7 things never to say to anyone, and why (Part 1)
In part one of this special two-part series for PoliceOne.com, I'll share the first four of a total of seven commonly used statements that can work against you.
1. "HEY YOU! COME HERE!"
Consider, you are on patrol and you see someone suspicious you want to talk with, so you most naturally say, "Hey you! Come here!" Verbal Judo teaches that "natural language is disastrous!" and this provides a wonderful example. You have just warned the subject that he is in trouble. "Come here" means to you, "Over here, you are under my authority." But to the subject it means, "Go away-quickly!" The words are not tactical for they have provided a warning and possibly precipitated a chase that would not have been necessary had you, instead, walked casually in his direction and once close said, "Excuse me. Could I chat with momentarily?" Notice this question is polite, professional, and calm.
Also notice, you have gotten in close, in his "space" though not his "face," and now you are too close for him to back off, giving you a ration of verbal trouble, as could have easily been the case with the "Hey you! Come here!" opening.

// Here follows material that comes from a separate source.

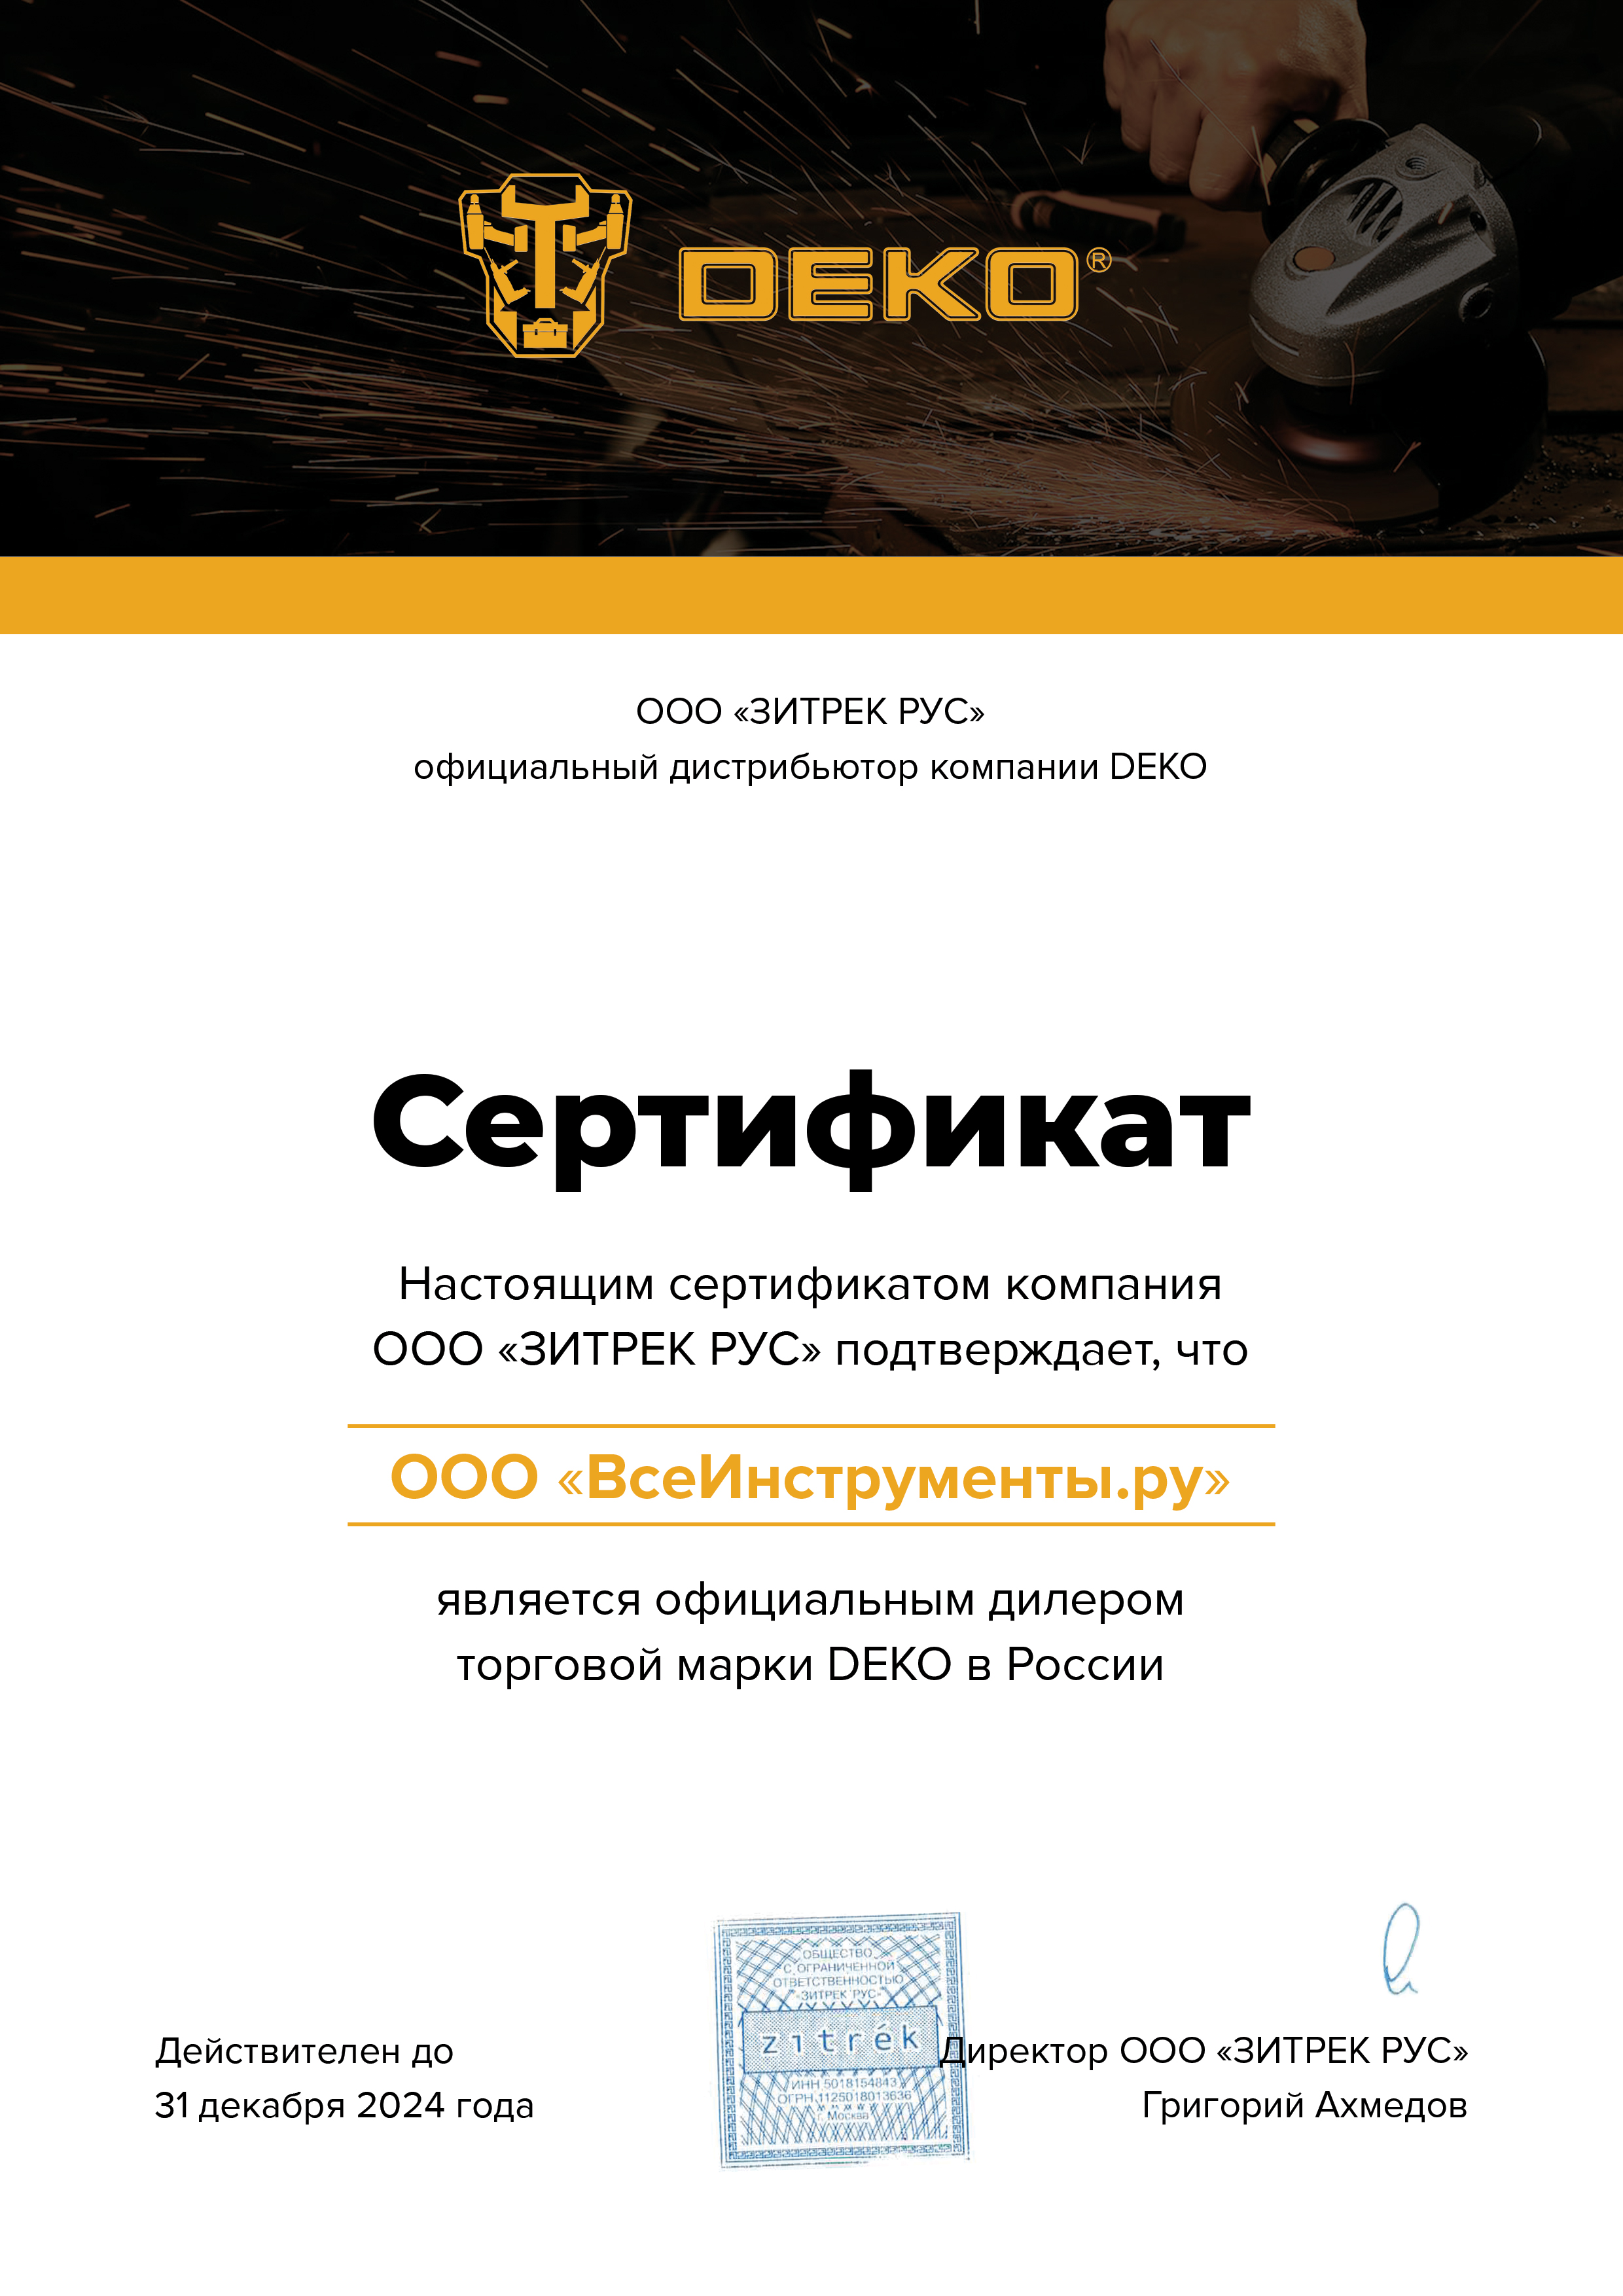 Электрический краскопульт DEKO DKSG55K1 HVLP 018-1043 - выгодная цена,  отзывы, характеристики, 2 видео, фото - купить в Москве и РФ

The ancient samurai knew never to let an opponent pick the place of battle for then the sun would always be in your eyes! "Come here" is loose, lazy, and ineffective language. Easy, but wrong. Tactically, "May I chat with you" is far better, for not only have you picked the place to talk, but anything the subject says, other than yes or no-the question you asked-provides you with intelligence regarding his emotional and/or mental state. Let him start any 'dance' of resistance.
Point: Polite civility can be a weapon of immense power!
2. "CALM DOWN!"
Consider this verbal blunder. You approach some angry folks and you most naturally say, "Hey, calm down!" This command never works, so why do we always use it? Because it flows naturally from our lips!
What's wrong with it? One, the phrase is a criticism of their behavior and suggests that they have no legitimate right to be upset! Hence, rather than reassuring them that things will improve, which should be your goal, you have created a new problem! Not only is there the matter they were upset about to begin with, but now they need to defend their reaction to you! Double the trouble!
Better, put on a calming face and demeanor-in Verbal Judo we say, 'Chameleon up'-look the person in the eye and say, gently, "It's going to be all right. Talk to me. What's the matter?" The phrase "What's the matter?' softens the person up to talk and calm down; where 'Calm down' hardens the resistance. The choice is yours!
3. "I'M NOT GOING TO TELL YOU AGAIN!"
We teach in Verbal Judo that 'repetition is weakness on the streets!' and you and I both know that this phrase is almost always a lie. You will say it again, and possibly again and again!
Parents do it all the time with their kids, and street cops do it with resistant subjects, all the time! The phrase is, of course, a threat, and voicing it leaves you only one viable option-action! If you are not prepared to act, or cannot at the time, you lose credibility, and with the loss of creditability comes the loss of power and safety!
Even if you are prepared to act, you have warned the subject that you are about to do so and forewarned is forearmed! Another tactical blunder! Like the rattlesnake you have made noise, and noise can get you hurt or killed. Better to be more like the cobra and strike when least suspected!
If you want to stress the seriousness of your words, say something like, 'Listen, it's important that you get this point, so pay close attention to what I'm about to tell you.'
If you have used Verbal Judo's Five Steps of Persuasion you know that we act after asking our "nicest, most polite question,"
"Sir, is there anything I could say that would get you to do A, B and C? I'd like to think so?"
If the answer is NO, we act while the subject is still talking! We do not telegraph our actions nor threaten people, but we do act when verbal persuasion fails.
4. "BE MORE REASONABLE!"
Telling people "be more reasonable" has many of the same problems as "Calm Down!" Everyone thinks h/she is plenty reasonable given the present circumstances! I never have had anyone run up to me and say, "Hey, I know I'm stupid and wrong, but here's what I think!" although I have been confronted by stupid and wrong people! You only invite conflict when you tell people to "be more reasonable!"
Instead, make people more reasonable by the way in which you handle them, tactically! Use the language of reassurance-"Let me see if I understand your position," and then paraphrase-another VJ tactic!-back to them their meaning, as you see it, in your words! Using your words will calm them and make them more reasonable because your words will (or better be!) more professional and less emotional.
This approach absorbs the other's tension and makes him feel your support. Now you can help them think more logically and less destructively, without making the insulting charge implied in your statement, "Be more reasonable!"
Again, tactics over natural reaction!